"Let No Man Thirst For Good Beer"

Patricia Samford, MAC Lab Director

This pithy quote is attributed to American Founding Father and Revolutionary War hero Samuel Adams. More importantly here, Adams was also involved in the brewing industry as a maltster. Several generations of his family produced malt—a vital component in beer (Baron 1962:462). Pierced tiles (Figure 1) were used in the floors of malting houses.

Front and back of two malting tiles from the Clagett Brewery site. The floor surface side shows 49 gridded squares of small holes and the underside shows 49 deep gridded cells.
Figure 1. Two of the malting tiles found at the Clagett Brewery site. The tile on the left shows the malting floor surface side, while the tile on the right shows the underside, with the deep cell structure.

Archaeologists working for the Baltimore Center for Urban Archaeology found these tiles during a 1983 excavation at the site of the former Clagett;s Brewery (Comer et al. 1984). The brewery began producing ale in 1784 and operated until 1880 under as many as ten owners, including Eli Clagett (Akerson 1990). In addition to discovering the foundation of the brewery’s malthouse, other artifacts related to the brewery operations were found, including several dumps of nineteenth-century bottles. More unusual were over three dozen perforated unglazed ceramic tiles used as flooring for the malting kiln. Manufactured in England by two companies in operation in the second and third quarters of the nineteenth century (Figure 2), each tile measures one-foot square and contained 1600 small holes (Bromwich 1984). Hot air passed through these holes to enter the drying room from the floor below, preventing the sprouted barley from growing so that it could be used to produce malt (Figure 3).

Detail of a portion of a malting tile showing a stamped mark of the Hammill Company.
Figure 2. Detail of one of the tiles, showing the stamped mark of the Hammill Company, in operation in Bridgewater, England, between 1866 and 1883.
1892 print showing a cross section view of a 5 story malting house.
Figure 3. Lithograph from an 1892 publication of the F. A. Poth Brewing Company of Philadelphia (Mueller 1892).
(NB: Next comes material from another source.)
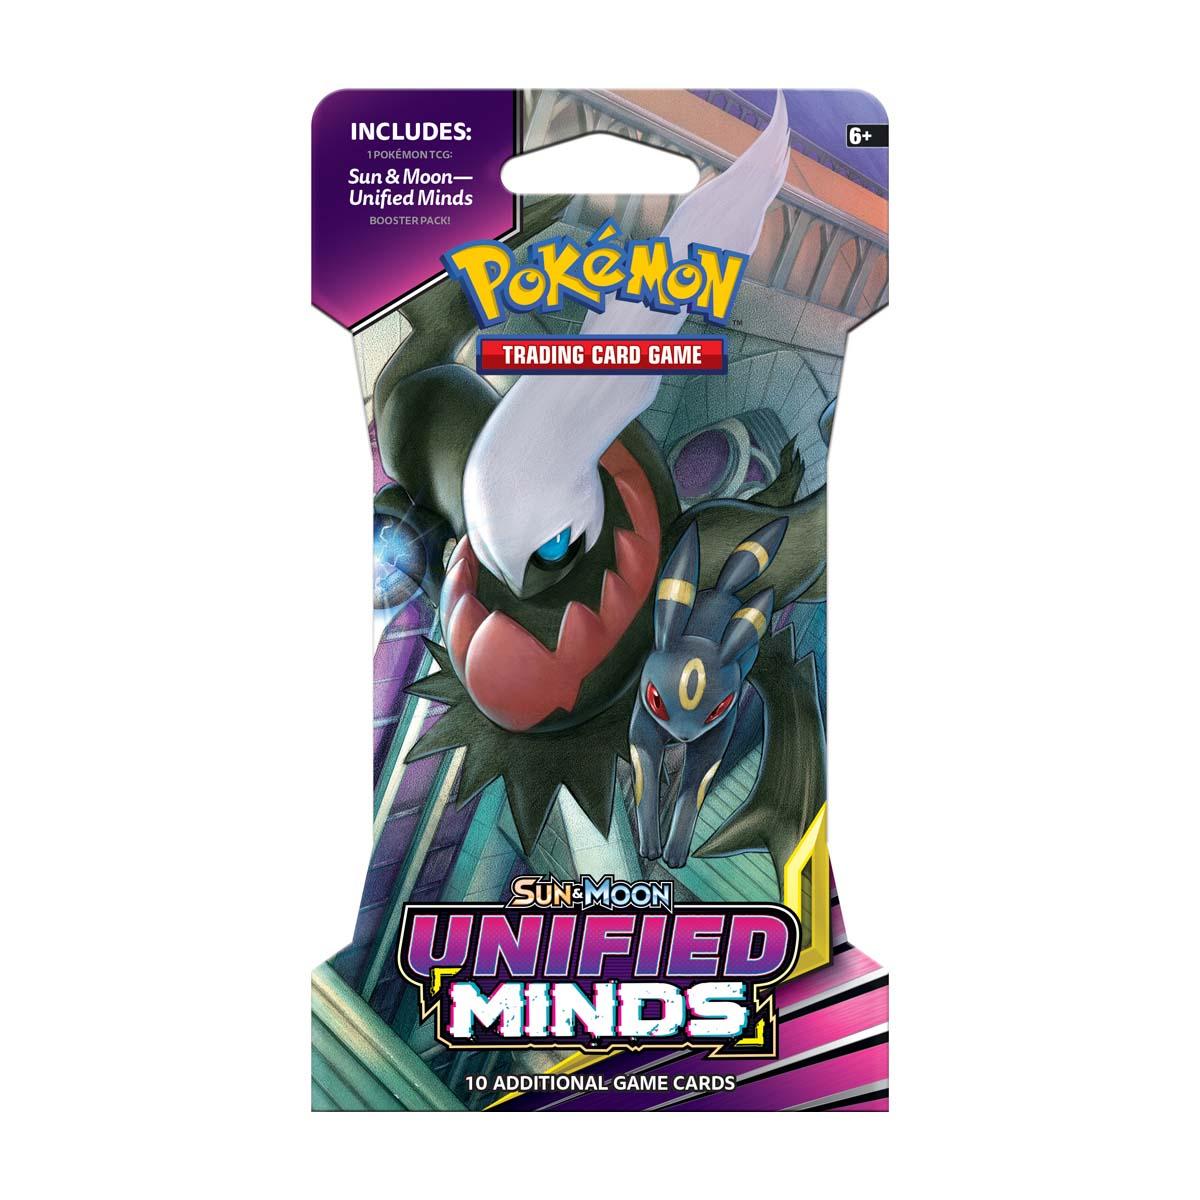 Afbeelding van Pokémon Sun & Moon U Minds Sleeved Booster

The kilns are shown on the ground floor, with the floors of drying barley above.

Baltimore, once the second largest city in the United States, has been home to over 115 breweries since the first brewery began operation there in 1748 (Arnett et al. 1999:274). Beginning in the mid-nineteenth century, the arrival of immigrants from Germany brought about a wave of breweries producing light German lagers; more than fifteen breweries are shown on the 1869 Sasche map of Baltimore (Sasche 1869). The brewery industry remained vibrant in Baltimore until Prohibition.​

References

Baron, Stanley Wade

1962    Brewed in America: The History of Beer and Ale in the United States. Boston: Little, Brown.

Bromwich, David

1984    Letter addressed to Charles Cheek, dated April 5, 1984. Somerset County Library, Taunton, England. In BCUA files at MAC Lab.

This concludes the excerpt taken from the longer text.